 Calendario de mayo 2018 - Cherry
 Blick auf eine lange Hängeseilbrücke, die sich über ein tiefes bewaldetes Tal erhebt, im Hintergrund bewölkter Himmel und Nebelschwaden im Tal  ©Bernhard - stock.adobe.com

==

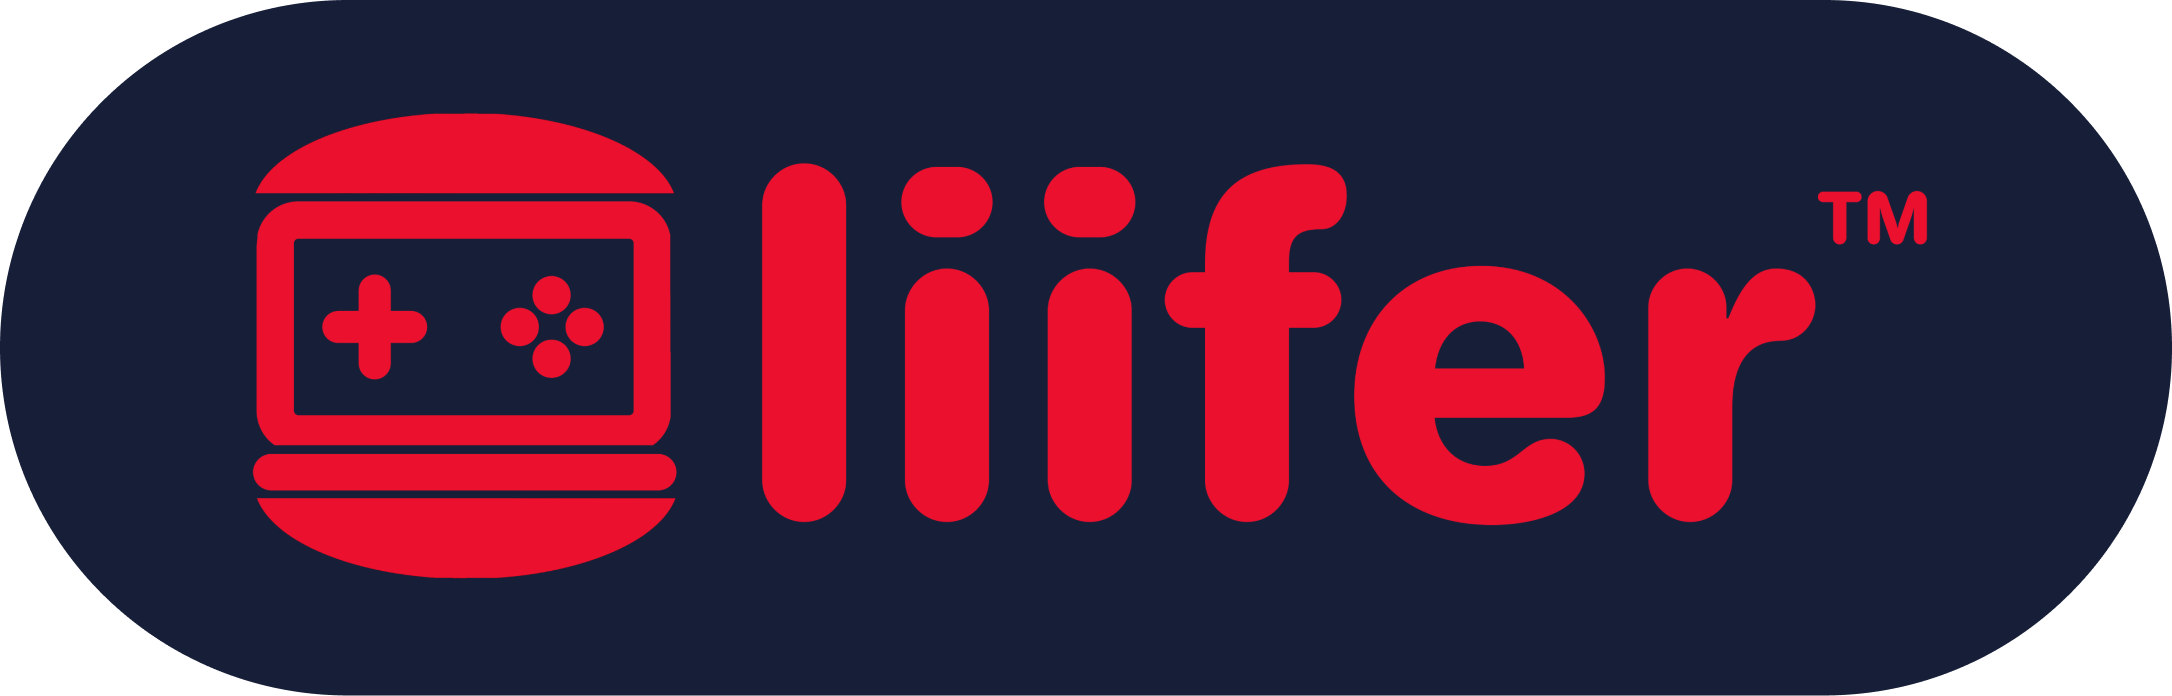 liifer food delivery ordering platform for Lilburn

==

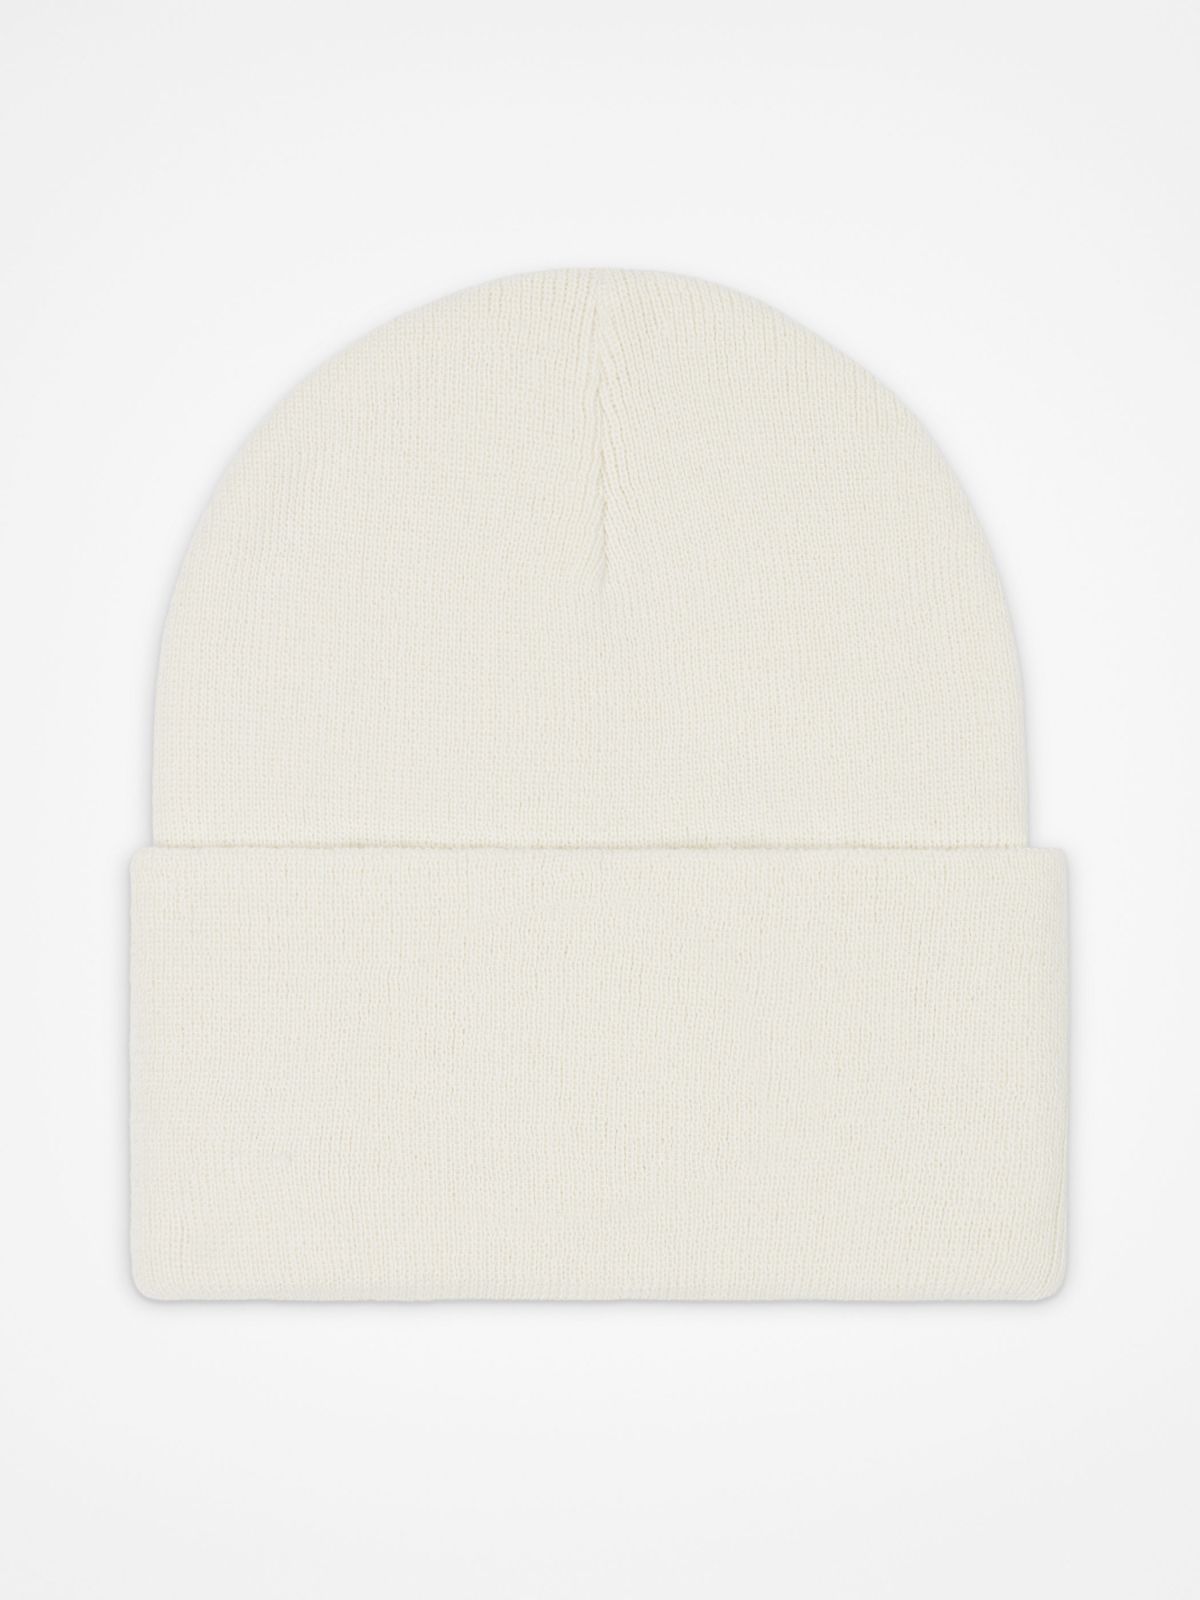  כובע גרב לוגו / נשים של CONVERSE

* [ABOUT THIS TASK]: Every line above from the line with "Calendario de mayo 2018 - Cherry" to the line with "Blick auf eine", both included, must be reproduced exactly, and no other line may appear.

* [TASK SOLUTION]:
 Calendario de mayo 2018 - Cherry
 Blick auf eine lange Hängeseilbrücke, die sich über ein tiefes bewaldetes Tal erhebt, im Hintergrund bewölkter Himmel und Nebelschwaden im Tal  ©Bernhard - stock.adobe.com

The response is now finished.